Calpain Regulates ADAM17-Mediated Platelet Glycoprotein Ibalpha Ectodomain Shedding.

The interaction of platelet glycoprotein (GP) Ibalpha with von Willebrand factor (VWF) exposed at the injured vessel wall initiates platelet adhesion and thrombus formation. Thus GPIbalpha ectodomain shedding has important implications for thrombosis and hemostasis. A disintegrin and metalloproteinase 17 (ADAM17) was identified recently to play an essential role in agonist induced GPIbalpha shedding. Calpain, the calcium-dependent neutral protease, has been thought to play a key role in GPIbalpha shedding, whereas it still remains unclear the role of calpain in ADAM17-mediated GPIbalpha shedding.

Washed platelets isolated from vein blood of healthy donors were pre-incubated with various reagents. GPIbalpha fragments were detected by Western blot with anti- GPIbalpha C- or N-terminal antibodies. GPIbalpha surface expression was determined by flow cytometry with anti-GPIbalpha N-terminal antibody.

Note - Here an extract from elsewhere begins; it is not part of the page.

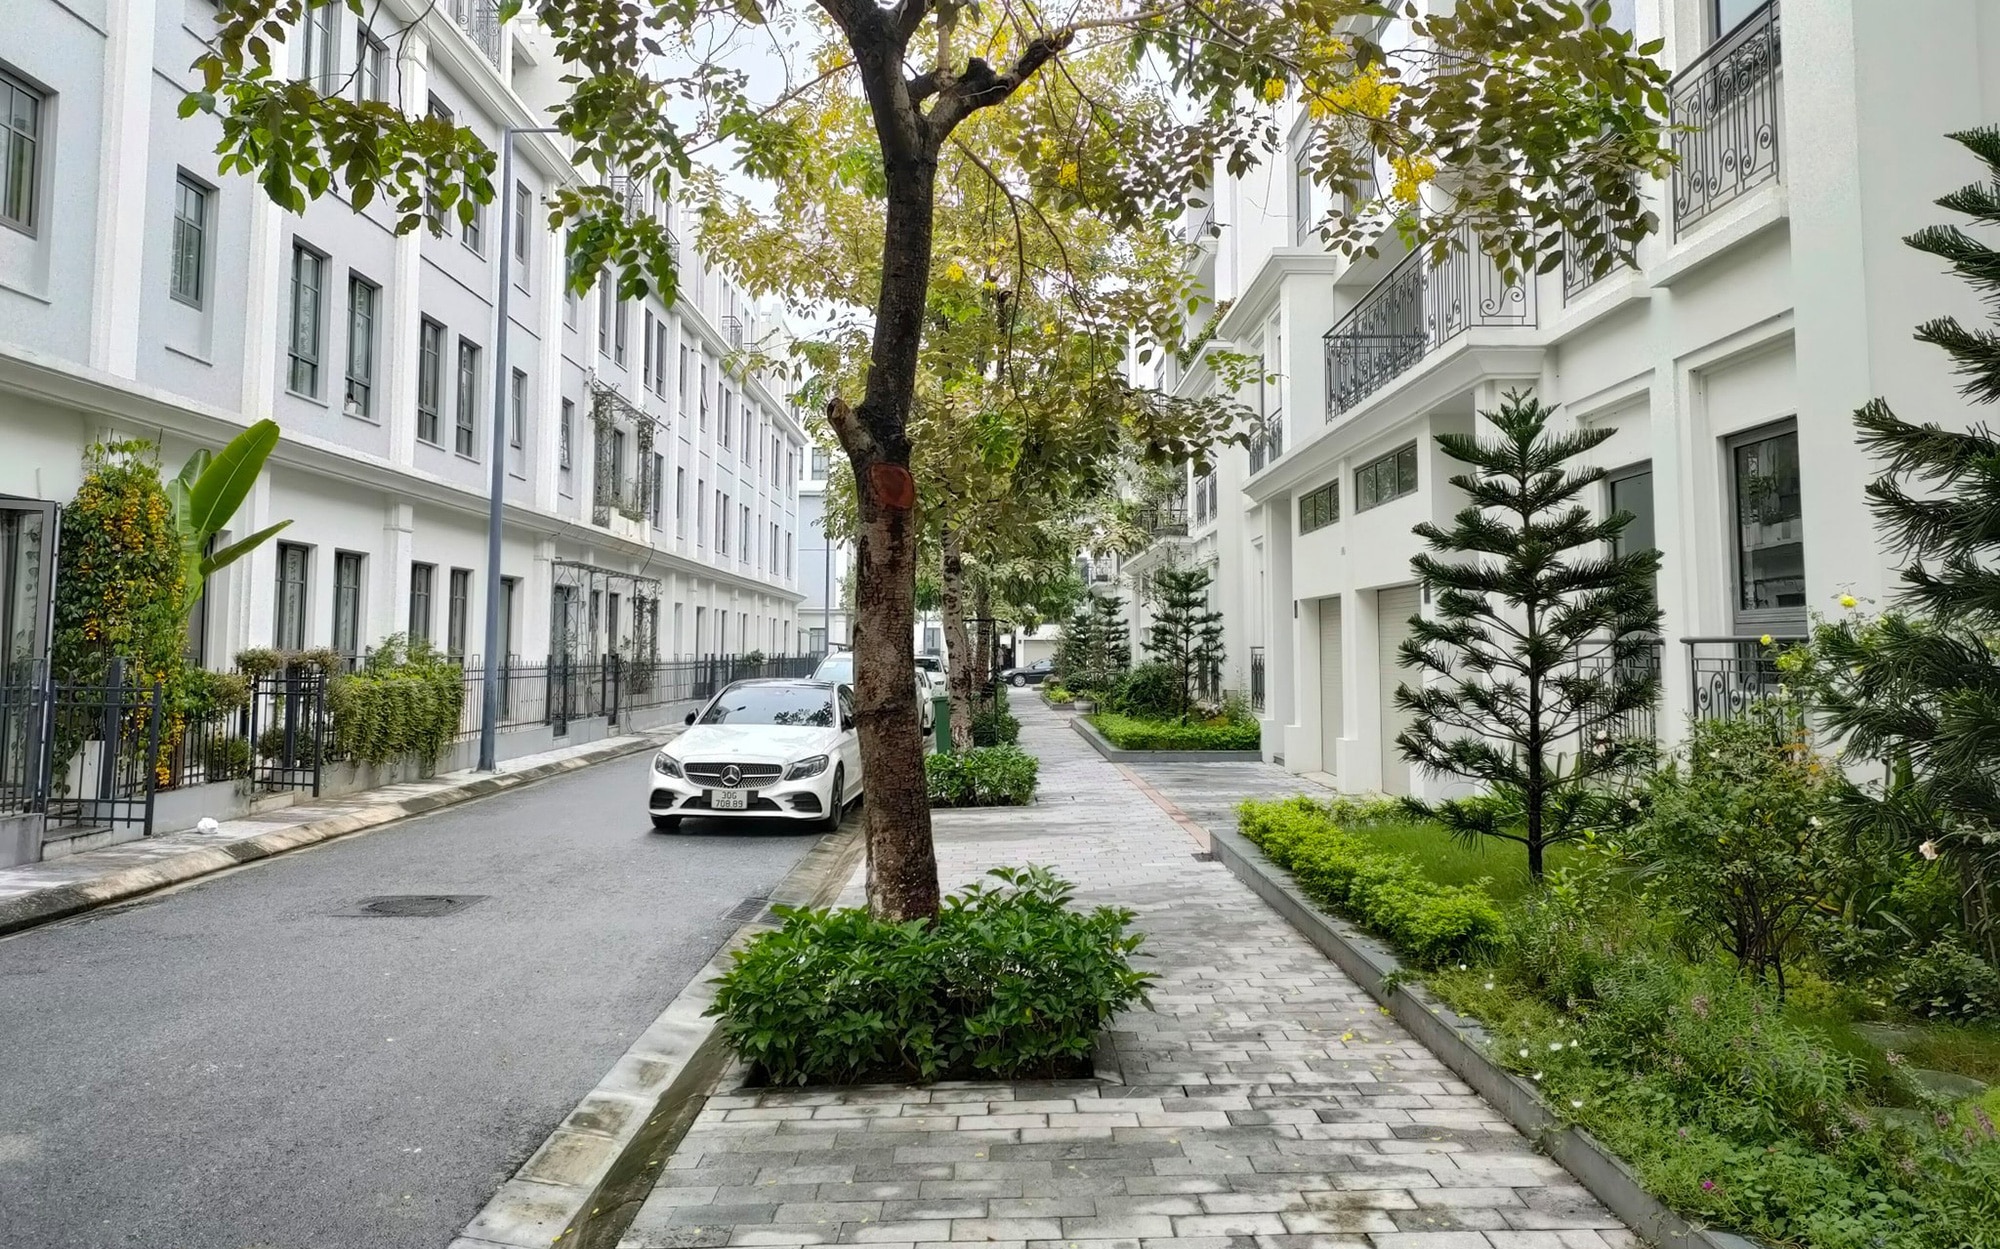 Immobilien – Der Grund dafür ist, dass die Nachfrage nach Stadthäusern und Villen in Ho-Chi-Minh-Stadt immer noch sehr gering ist

Western blot and flow cytometry results showed that cell permeable calpain inhibitors, MDL 28170, calpain inhibit I and calpain inhibitor II, significantly reduced calmodulin inhibitor W7- and calcium ionophore A23187-induced GPIbalpha shedding. Dibucaine induced GPIbalpha shedding was potently inhibited by calpain inhibitors. W7 and A23187 induced talin cleavage was abolished by calpain inhibitors. Calpain inhibitors had no obvious effect on N-ethylmaleimide-induced GPIbalpha shedding. In order to investigate the role of protein kinase C (PKC) in calpain-mediated GPIbalpha shedding, calpain inhibitors or PKC inhibitor (bisindolylmaleimide I hydrochloride, BIM) were incubated with platelets respectively, and then platelets were further incubated with PKC activator phorbol-ester (PMA) or dibucaine. PMA-induced or dibucaine-mediated GPIbalpha shedding did not inhibit by calpain inhibitors or PKC inhibitor respectively, indicating that PKC is not involved in calpain-mediated GPIbalpha shedding. In addition, two CHO cell lines expressing wild-type GPIb-IX and GPIb-IX mutant with truncated GPIbalpha lacking filamin A binding site were used to test the role of filamin A in calpain-regulated GPIbalpha shedding. Dibucaine-induced GPIbalpha shedding was inhibited by MDL28170 in both of the cell lines.

The data indicate that calpain plays key roles in ADAM17-mediated GPIbalpha ectodomain shedding and the calpain-regualted GPIbalpha shedding is independent of PKC activity or filamin A cleavage.

No relevant conflicts of interest to declare.